From f7b41e437a2b9a1a8f51e59e24d0979480db66ad Mon Sep 17 00:00:00 2001
From: guillaume-peoch-sonarsource <guillaume.peoch@sonarsource.com>
Date: Mon, 18 Dec 2023 11:26:10 +0100
Subject: [PATCH] SONAR-21247 Add button to trigger the sync

---
 .../auth/bitbucket/BitbucketSettings.java     |  2 +-
 .../org/sonar/auth/github/GitHubSettings.java |  2 +-
 .../org/sonar/auth/gitlab/GitLabSettings.java | 10 +--
 .../src/main/js/api/gitlab-provisioning.ts    |  4 ++
 .../GitLabAuthenticationTab.tsx               | 64 +++++++++----------
 .../main/js/helpers/mocks/definitions-list.ts | 10 +--
 .../src/main/js/queries/group-memberships.ts  |  2 -
 .../js/queries/identity-provider/gitlab.ts    | 23 ++++++-
 server/sonar-web/src/main/js/queries/users.ts |  1 -
 .../resources/org/sonar/l10n/core.properties  | 13 ++--
 10 files changed, 78 insertions(+), 53 deletions(-)

diff --git a/server/sonar-auth-bitbucket/src/main/java/org/sonar/auth/bitbucket/BitbucketSettings.java b/server/sonar-auth-bitbucket/src/main/java/org/sonar/auth/bitbucket/BitbucketSettings.java
index 7c7ed7675b3..3568e070be6 100755
--- a/server/sonar-auth-bitbucket/src/main/java/org/sonar/auth/bitbucket/BitbucketSettings.java
+++ b/server/sonar-auth-bitbucket/src/main/java/org/sonar/auth/bitbucket/BitbucketSettings.java
@@ -105,7 +105,7 @@ public class BitbucketSettings {
         .build(),
       PropertyDefinition.builder(ALLOW_USERS_TO_SIGN_UP)
         .name("Allow users to sign up")
-        .description("Allow new users to authenticate. When set to 'false', only existing users will be able to authenticate.")
+        .description("Allow new users to authenticate. When set to disabled, only existing users will be able to authenticate.")
         .category(CATEGORY)
         .subCategory(SUBCATEGORY)
         .type(PropertyType.BOOLEAN)
diff --git a/server/sonar-auth-github/src/main/java/org/sonar/auth/github/GitHubSettings.java b/server/sonar-auth-github/src/main/java/org/sonar/auth/github/GitHubSettings.java
index cd7790371f6..5a50ee8980d 100644
--- a/server/sonar-auth-github/src/main/java/org/sonar/auth/github/GitHubSettings.java
+++ b/server/sonar-auth-github/src/main/java/org/sonar/auth/github/GitHubSettings.java
@@ -227,7 +227,7 @@ public class GitHubSettings implements DevOpsPlatformSettings {
         .build(),
       PropertyDefinition.builder(ALLOW_USERS_TO_SIGN_UP)

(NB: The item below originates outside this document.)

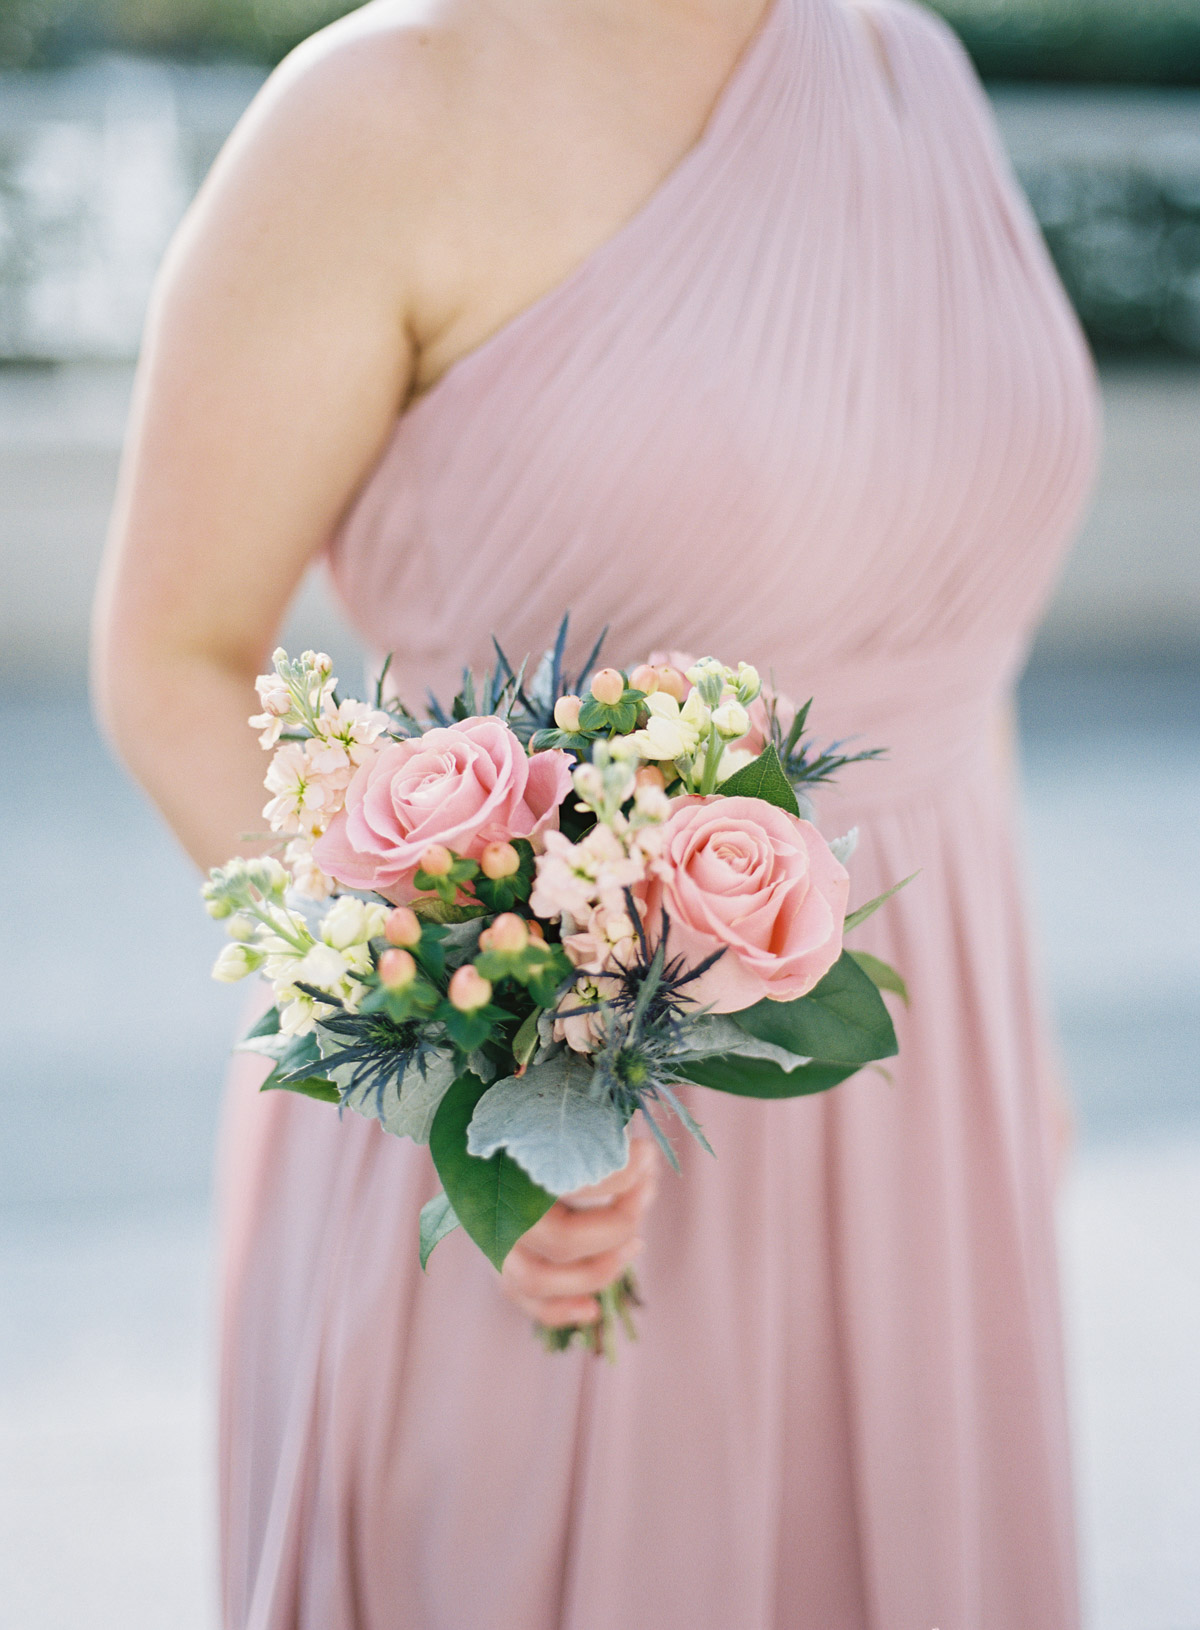 Bridesmaid wearing pink one-shoulder dress posing for photo

         .name("Allow users to sign up")
-        .description("Allow new users to authenticate. When set to 'false', only existing users will be able to authenticate to the server.")
+        .description("Allow new users to authenticate. When set to disabled, only existing users will be able to authenticate to the server.")
         .category(CATEGORY)
         .subCategory(SUBCATEGORY)
         .type(BOOLEAN)
diff --git a/server/sonar-auth-gitlab/src/main/java/org/sonar/auth/gitlab/GitLabSettings.java b/server/sonar-auth-gitlab/src/main/java/org/sonar/auth/gitlab/GitLabSettings.java
index ff9ea68ee67..4d92bab2290 100644
--- a/server/sonar-auth-gitlab/src/main/java/org/sonar/auth/gitlab/GitLabSettings.java
+++ b/server/sonar-auth-gitlab/src/main/java/org/sonar/auth/gitlab/GitLabSettings.java
@@ -147,7 +147,7 @@ public class GitLabSettings implements DevOpsPlatformSettings {
         .build(),
       PropertyDefinition.builder(GITLAB_AUTH_ALLOW_USERS_TO_SIGNUP)
         .name("Allow users to sign up")
-        .description("Allow new users to authenticate. When set to 'false', only existing users will be able to authenticate to the server.")
+        .description("Allow new users to authenticate. When set to disabled, only existing users will be able to authenticate to the server.")
         .category(CATEGORY)
         .subCategory(SUBCATEGORY)
         .type(BOOLEAN)
@@ -158,7 +158,7 @@ public class GitLabSettings implements DevOpsPlatformSettings {
         .deprecatedKey("sonar.auth.gitlab.sync_user_groups")
         .name("Synchronize user groups")
         .description("For each GitLab group they belong to, the user will be associated to a group with the same name (if it exists) in SonarQube." +
-          " If enabled, the GitLab Oauth2 application will need to provide the api scope.")
+          " If enabled, the GitLab OAuth 2 application will need to provide the api scope.")
         .category(CATEGORY)
         .subCategory(SUBCATEGORY)
         .type(PropertyType.BOOLEAN)
@@ -167,7 +167,8 @@ public class GitLabSettings implements DevOpsPlatformSettings {
         .build(),
       PropertyDefinition.builder(GITLAB_AUTH_PROVISIONING_TOKEN)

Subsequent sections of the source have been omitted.